• Requirement:
The data below is to be transcribed word for word; pictures are to be excluded.

• Data extract:
_____

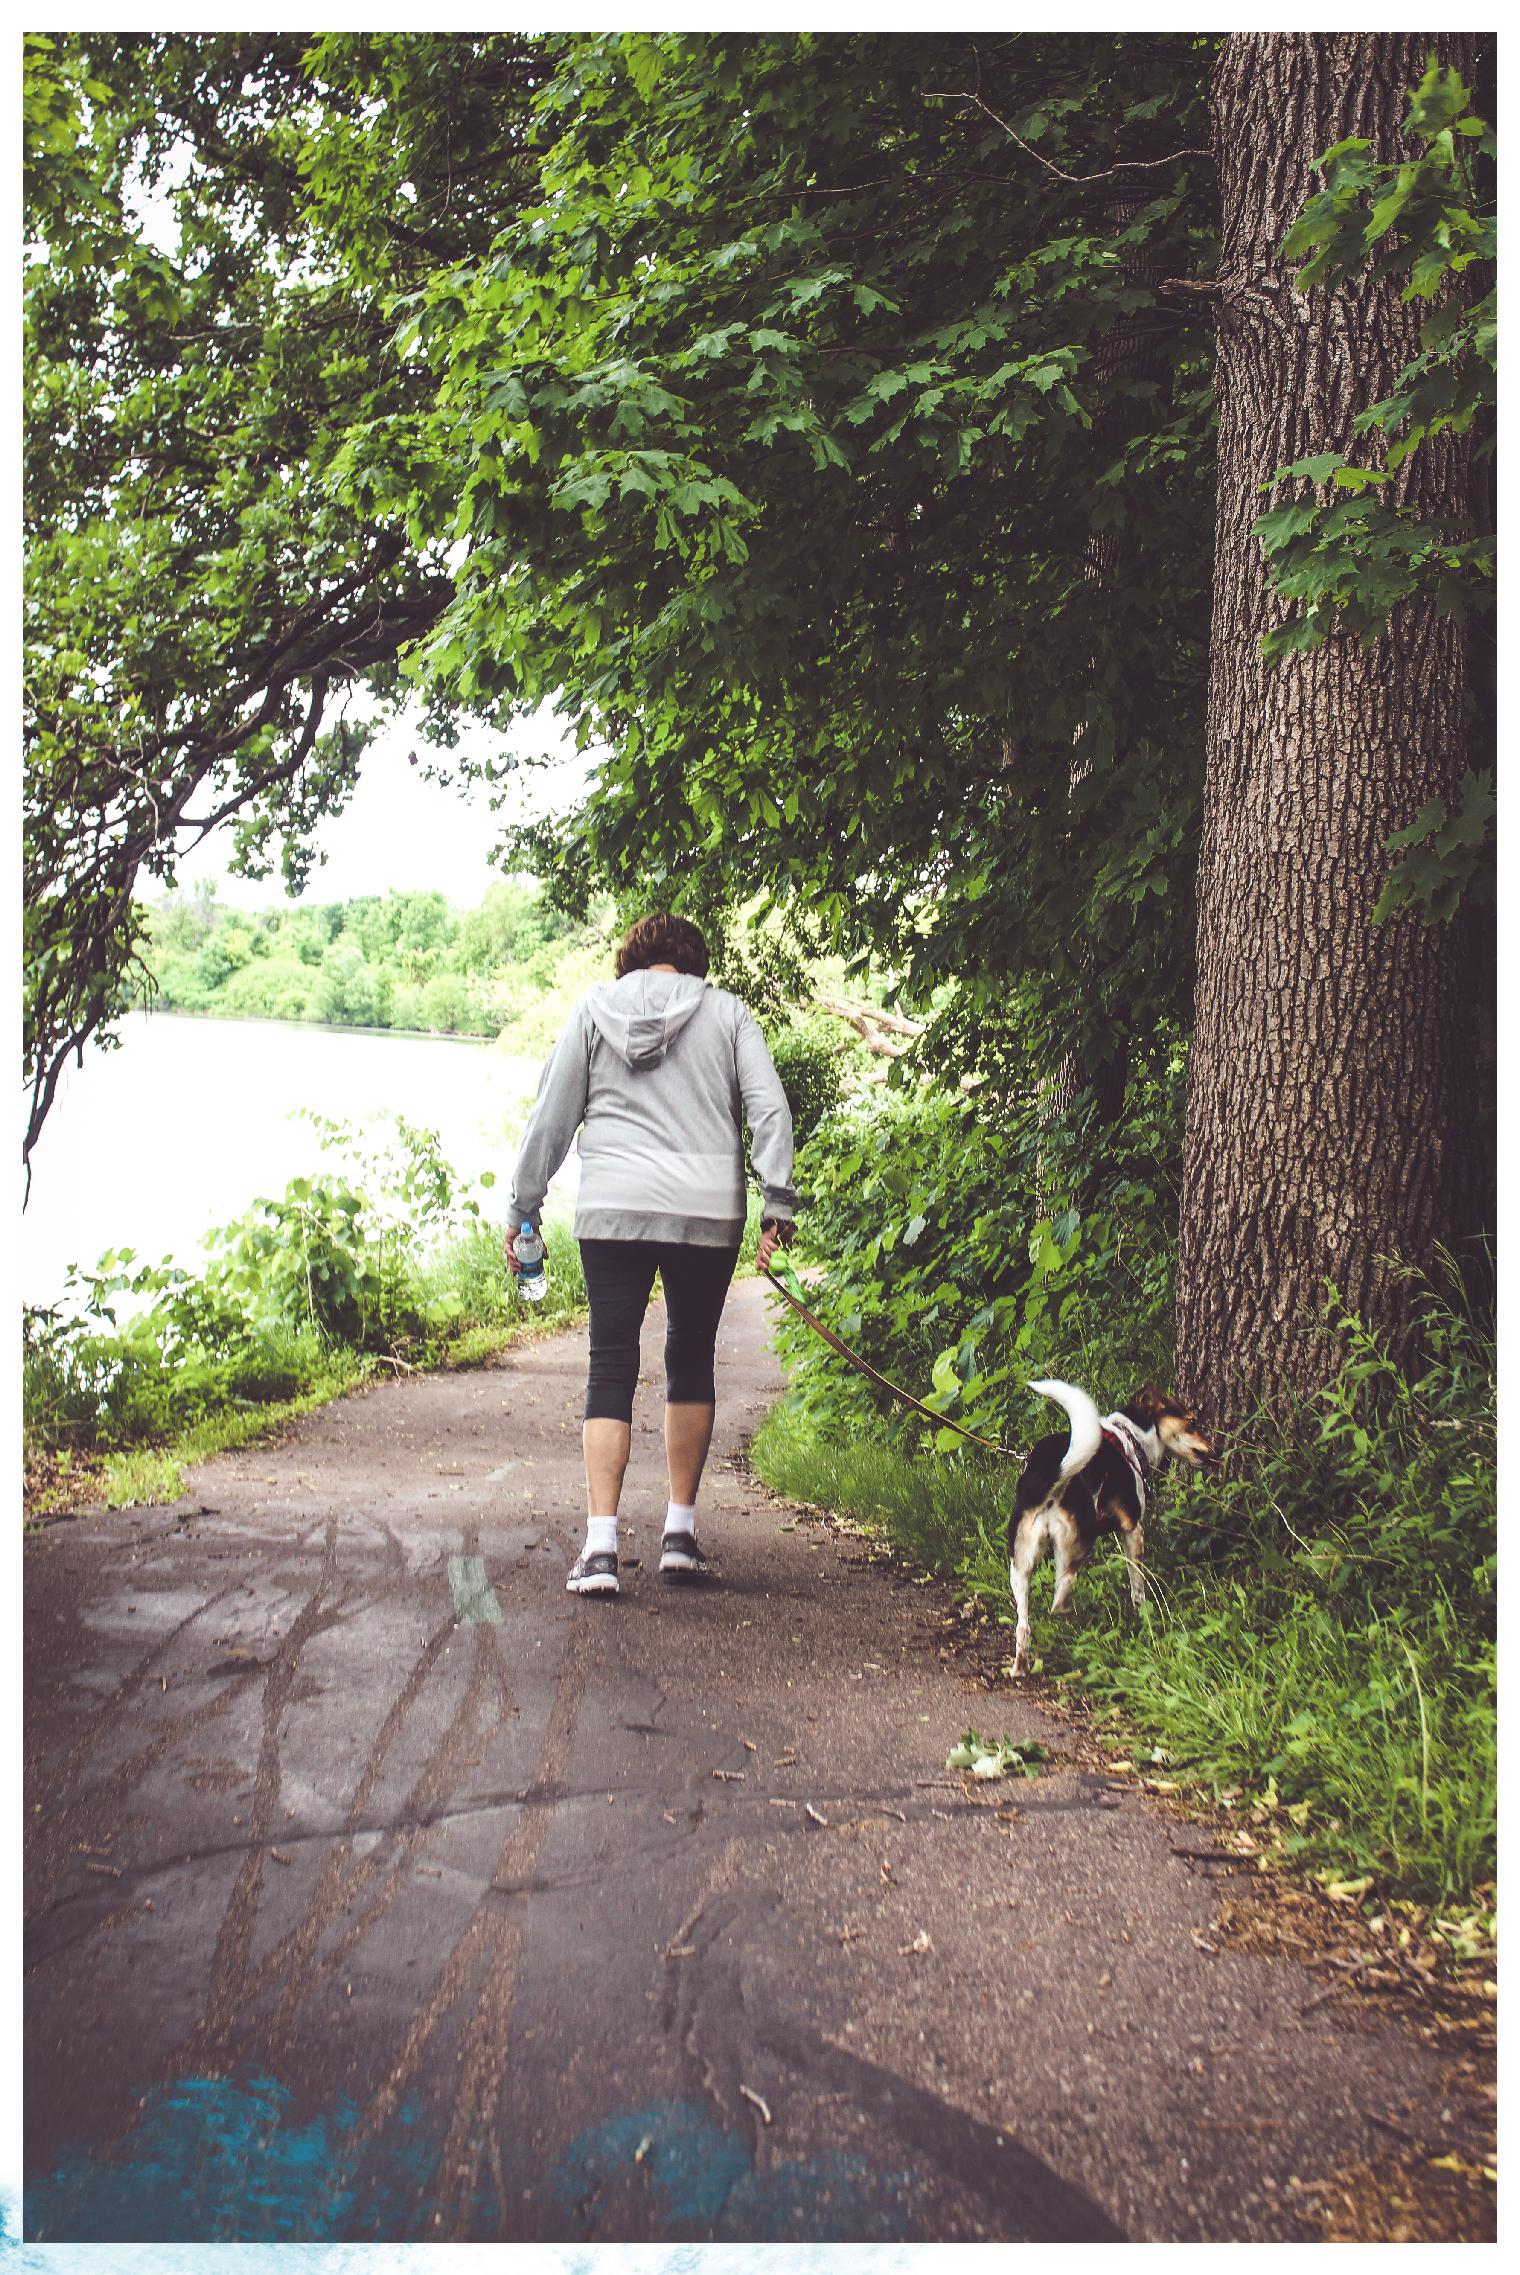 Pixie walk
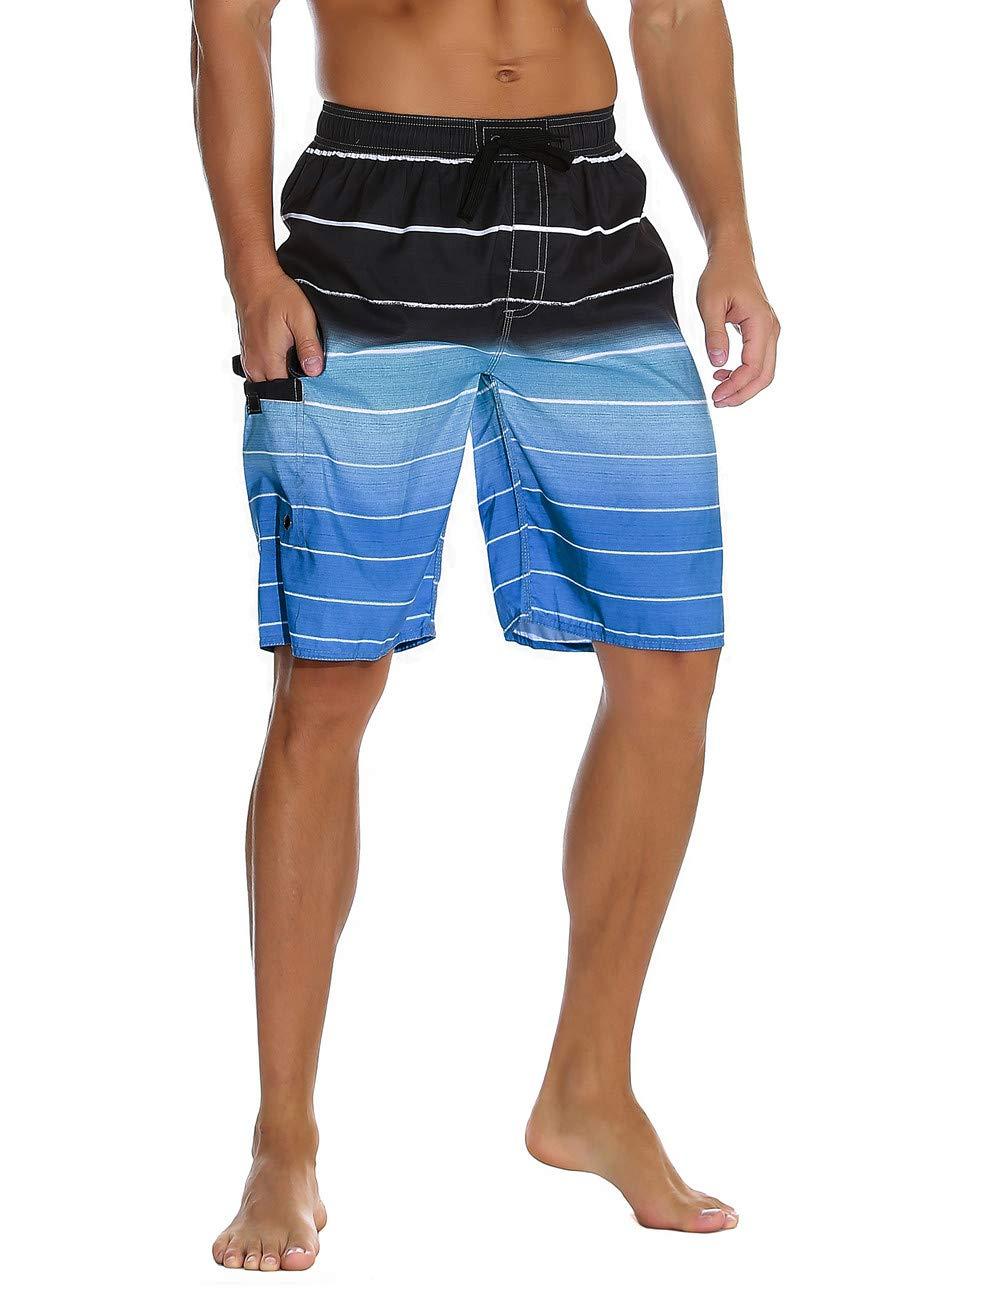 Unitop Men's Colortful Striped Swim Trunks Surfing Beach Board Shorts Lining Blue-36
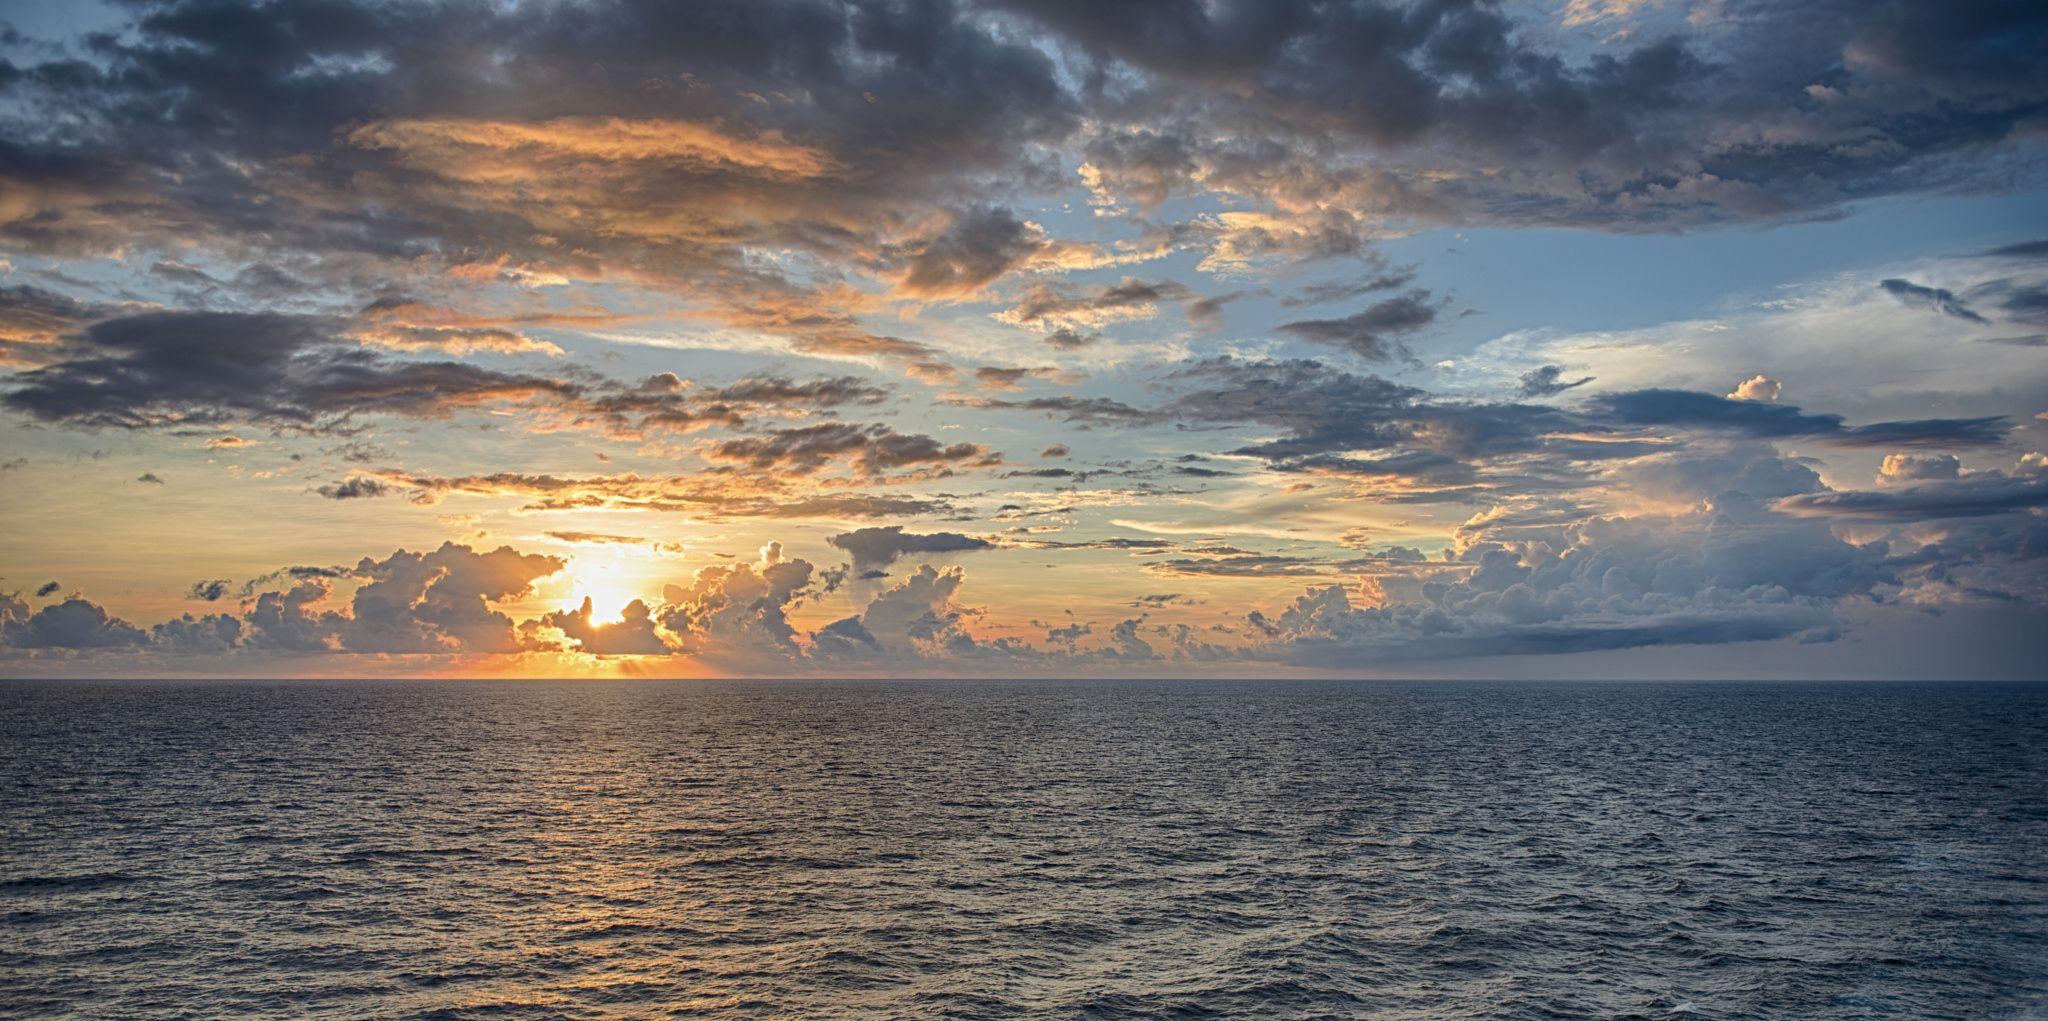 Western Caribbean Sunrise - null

_____

• Output of the task:
 Pixie walk
 Unitop Men's Colortful Striped Swim Trunks Surfing Beach Board Shorts Lining Blue-36
 Western Caribbean Sunrise - null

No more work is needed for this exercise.